> _SOURCE MATERIAL_:
┌────────
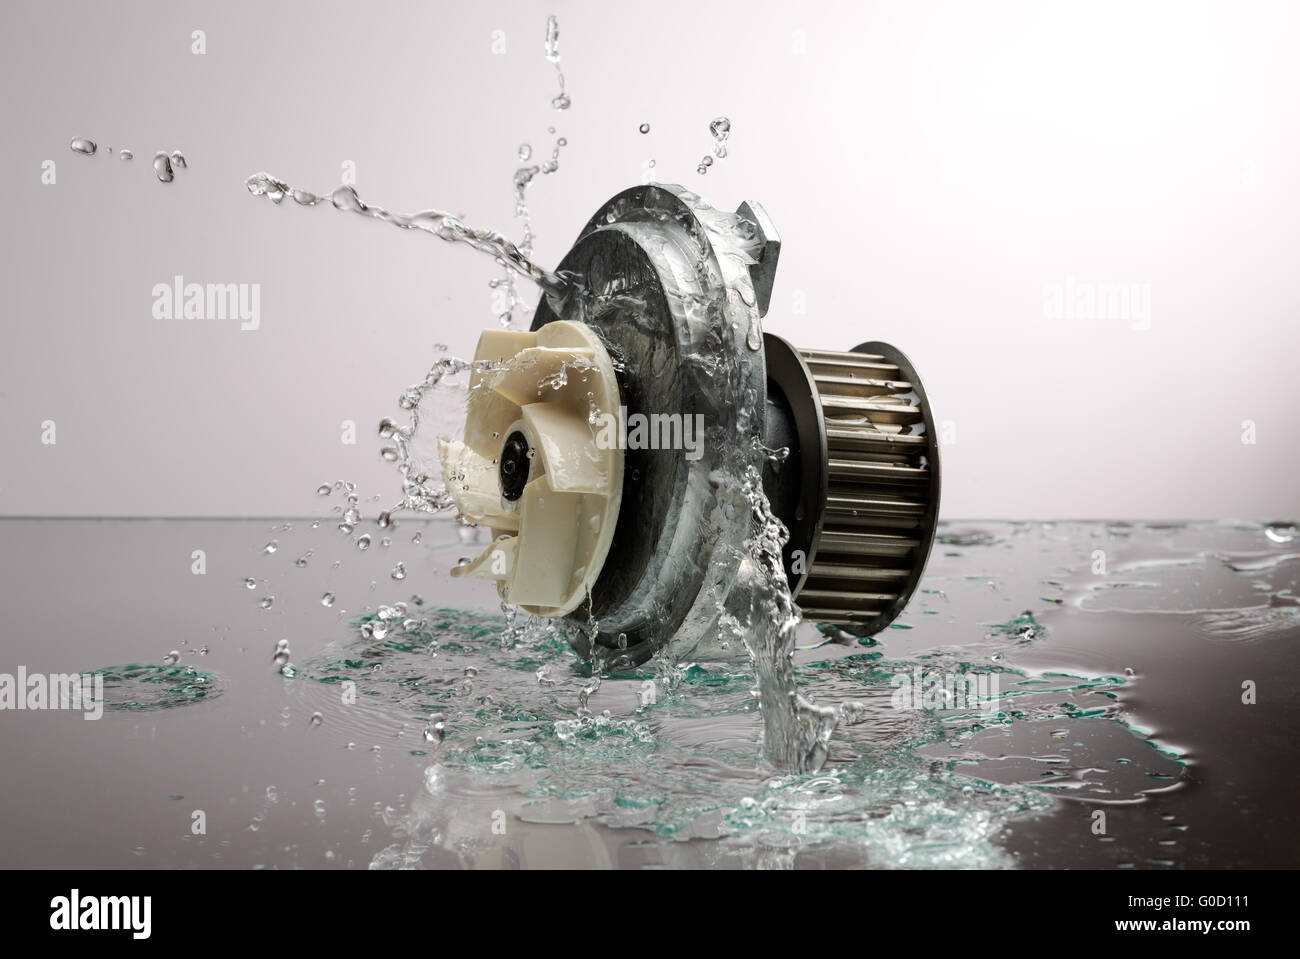 Engine Cooling High Resolution Stock Photography and Images - Alamy
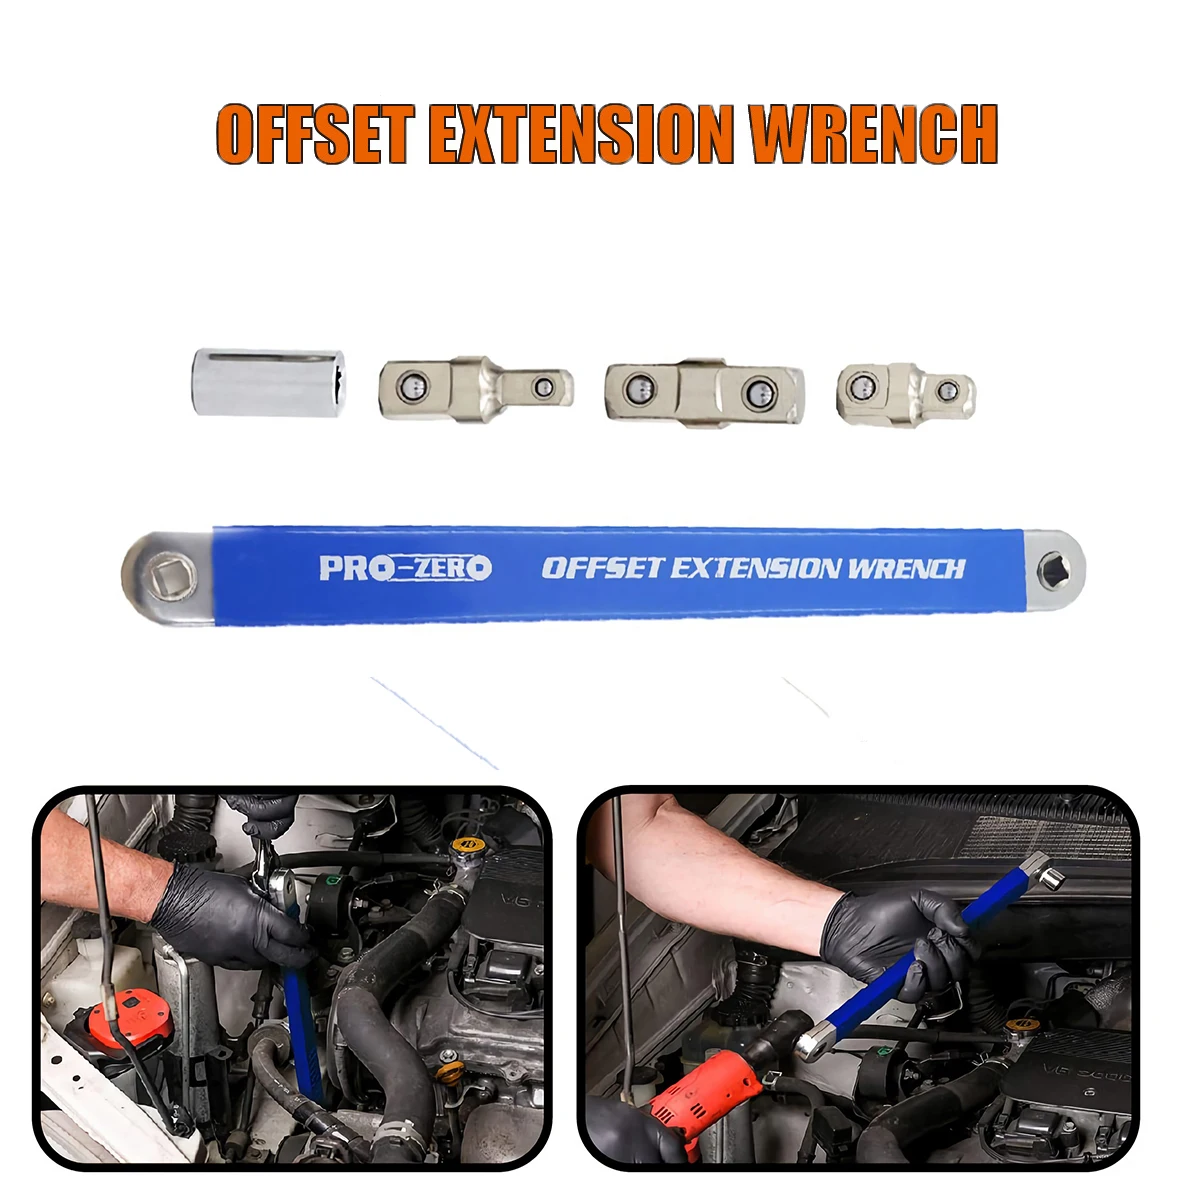 Extension Wrench Universal Multitool Compact Offset Extension Wrench Automotive Metal 39cm Works With Socket Ratchet Impact
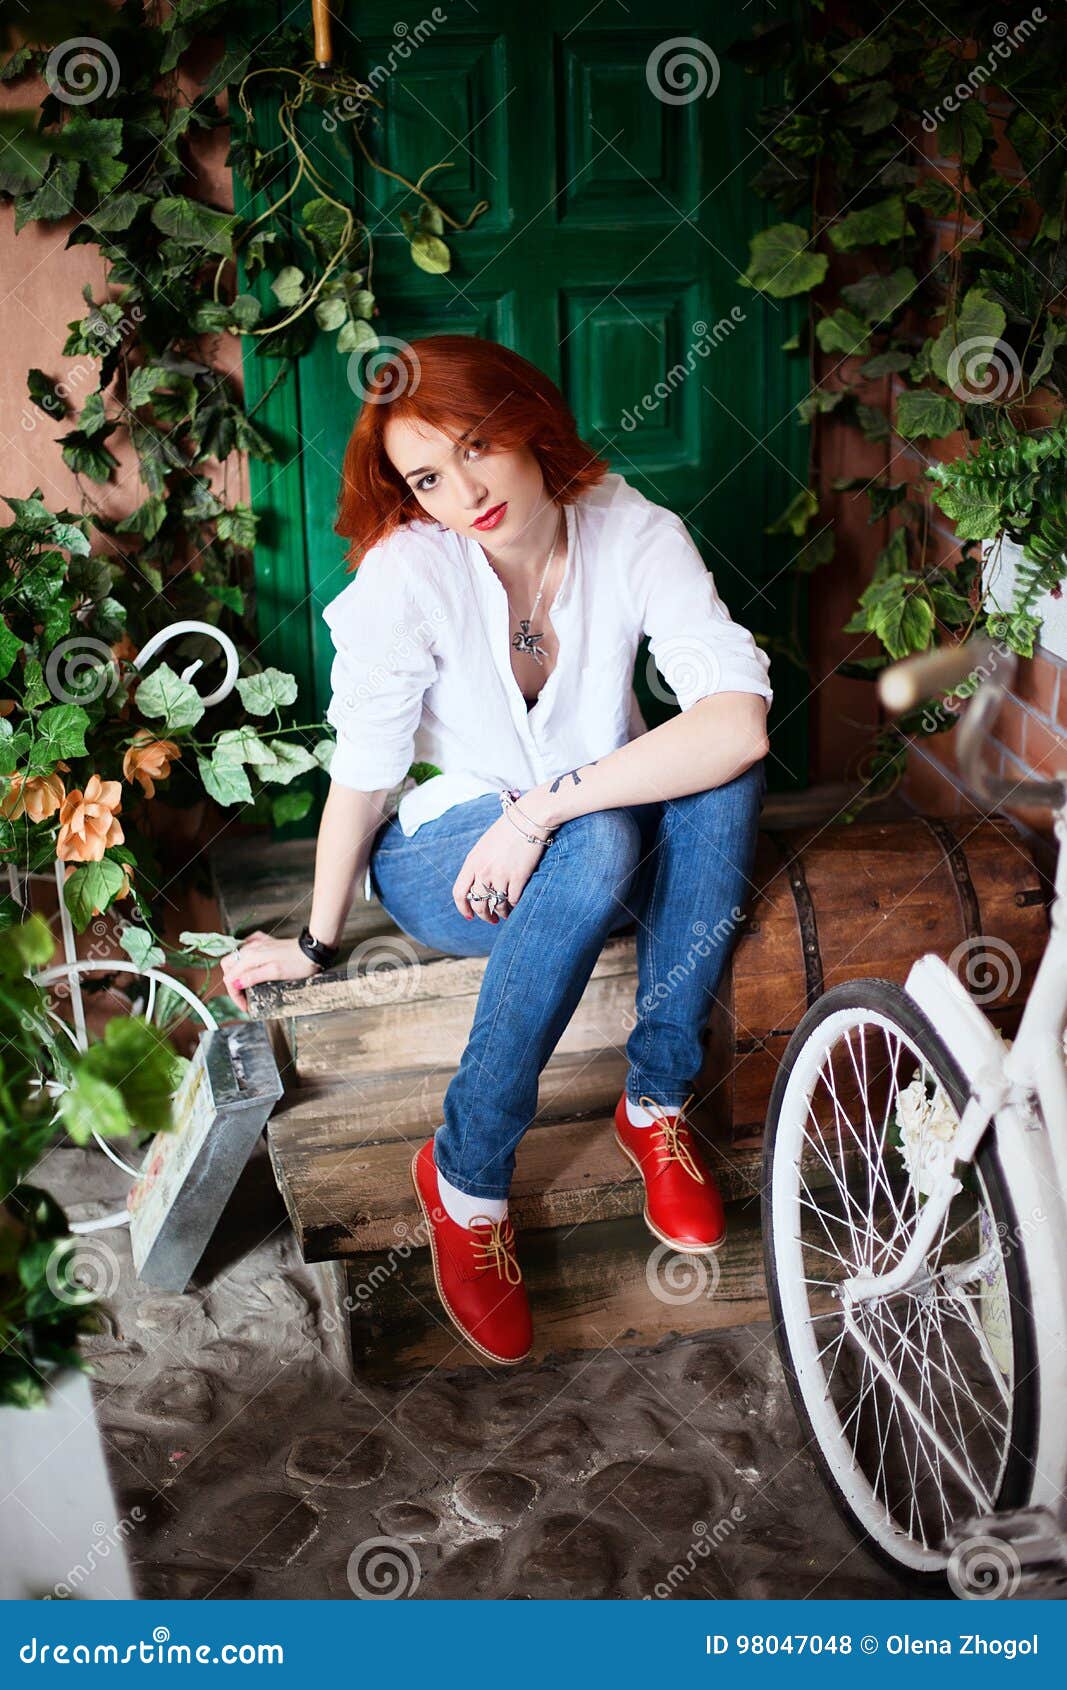 Lifestyle Portrait of Red Head Girl Wearing Blue Jeans, White Shirt and Red Shoes Stock Photo - of indoor, lifestyle: 98047048
└────────
> _THE TASK_: Leave the images out as you retype each line of the material exactly.

> _TASK OUTPUT_:
 Engine Cooling High Resolution Stock Photography and Images - Alamy
 Extension Wrench Universal Multitool Compact Offset Extension Wrench Automotive Metal 39cm Works With Socket Ratchet Impact
 Lifestyle Portrait of Red Head Girl Wearing Blue Jeans, White Shirt and Red Shoes Stock Photo - of indoor, lifestyle: 98047048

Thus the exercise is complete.